The number of time points for the five MIR features that meet these criteria is shown in Table 1, which includes statistics on the number of total MoRI peaks satisfying criteria 1, and the PLIP and time distribution after criteria 1–3 have been applied to extract assumed relevant time points. As visible from the Table 1, only few events were meeting the defined criteria, especially for the metal rock piece SC compared with the tango piece AN.

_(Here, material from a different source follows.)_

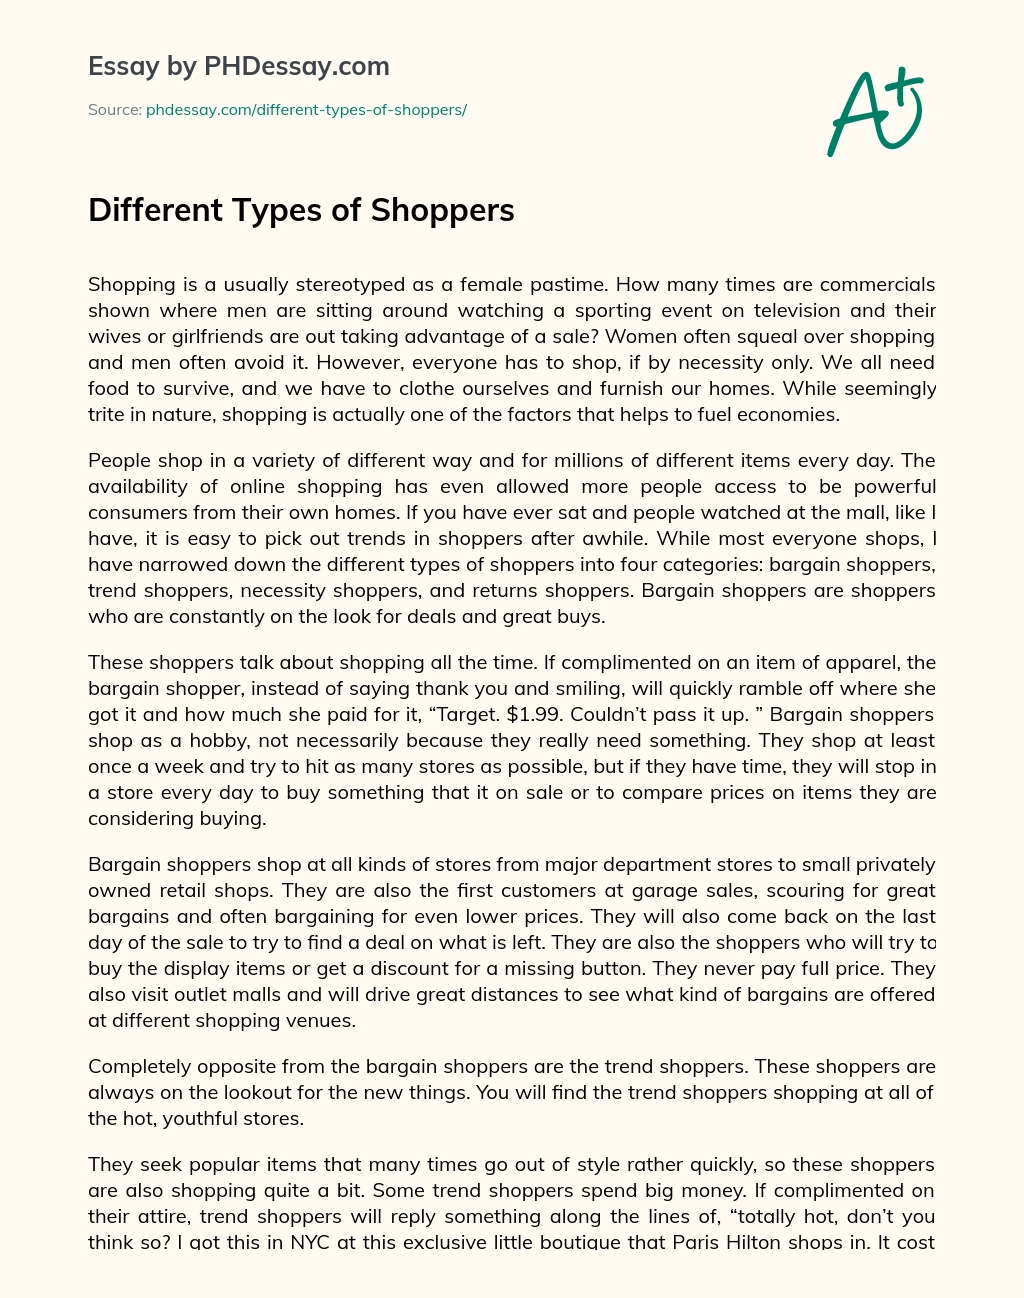 Different Types of Shoppers essay
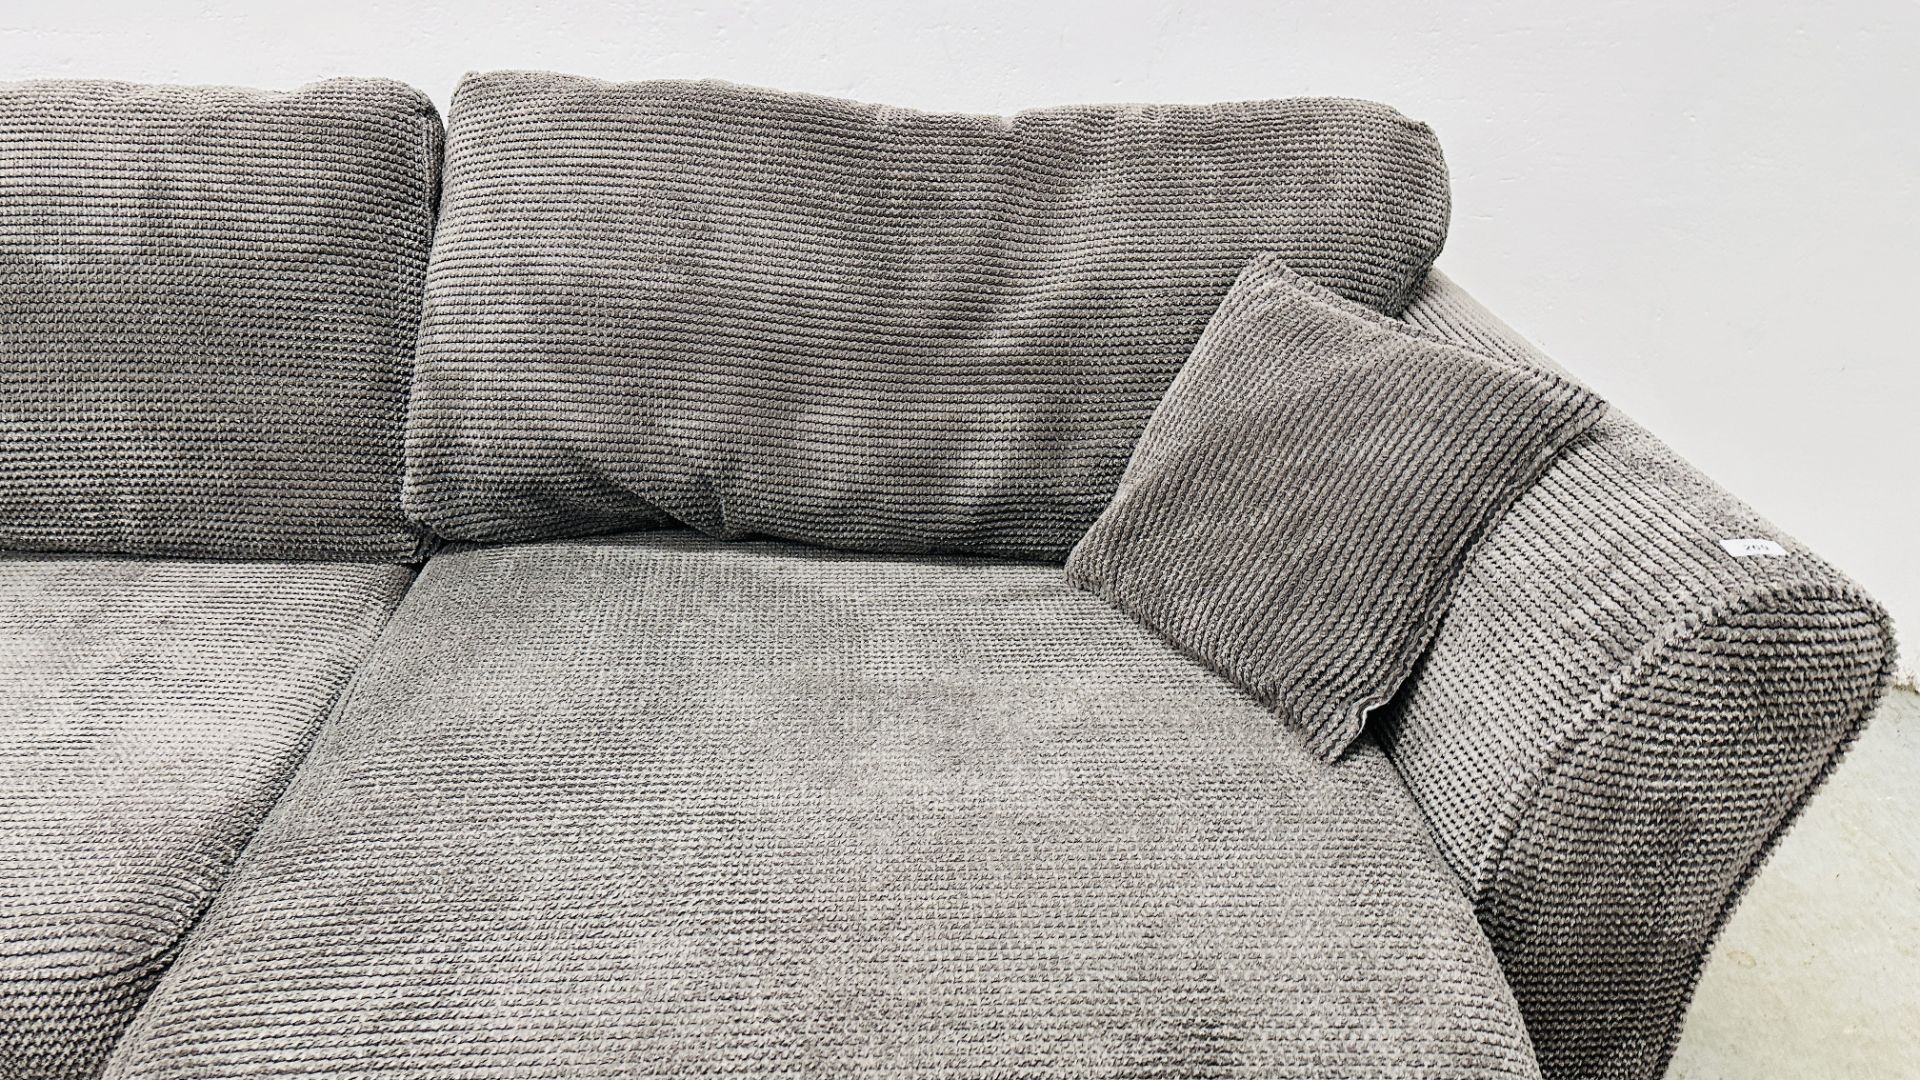 GOOD QUALITY DFS CORNER SOFA UPHOLSTERED IN CHARCOAL GREY. - Image 10 of 10

2.5. Musicological Analysis of Novel Events

Due to relatively high MIR feature levels and change rates in the metal rock and modern symphony orchestra music pieces, the automatic MIR approach identified too few acoustical feature-peak events satisfying the second criteria (the PLIP criteria), which might compromise the possibility of obtaining neural correlates of the acoustical feature processing. Hence, we also decided to introduce a musicological analysis of the pieces, which was conducted by the first author, to investigate the possible effects of novelty in the music structure.
The metal rock piece SC begins with a repetitive and quiet guitar solo consisting of an 8-note figure repeated 8 times. Every second 8-note figure is played on a C-minor-6 and Bb-major-7 chord. A quiet C pitch is played on the bas and fades out during the first 4 repetitions of the guitar figure. This is followed by drums, bas, guitar and keyboard playing an expected C-minor chord, but with a novel high loudness level and distortion effects added (Figure 1, top).
The excerpt of the modern symphony orchestra piece RS starts with an introduction part for woodwind instruments, consisting of phrases alternating between major-minor mode tonalities and harmonic progressions of unclear tonality (music score measures 1–75). The following ‘Augurs of Spring’ part begins with the novel ‘Augurs’ chord, which is commonly defined as atonal or as a polychord consisting of an E-major superposed on an Eb-major seventh chord (music score measure 76, at rehearsal number 13) [40]. Although the chord is consistent with the chromatic tuning system of contemporary Western music, it is novel and presumably evokes a measurable novelty related brain response [17,20], since it neither belongs to a typical harmonic progression in major or minor mode, nor adheres to a common major or minor mode pitch class [40] (e.g., see Figure 1, bottom).
These two cases of novel events in the music structure were found among the full set of automatically detected MoRI peaks for both the loudness (RMS) and the spectral flux increases (see Section 2.4 and Table 1). After applying processing steps 2 and 3 (see Section 2.4), the highly novel loudness increase in the metal rock piece SC was coincidentally among the final subset of maximally distant time points with increases in the spectral flux feature, even though the novelty of the music structure was not taken into consideration. However, the novel chord in the symphonic piece RS was not present in the final subset of maximally distant time points for either feature. Thus, the novel chord was identified only when the automatic detection of MoRI peaks was combined with the manual analysis of novelty in the music structure.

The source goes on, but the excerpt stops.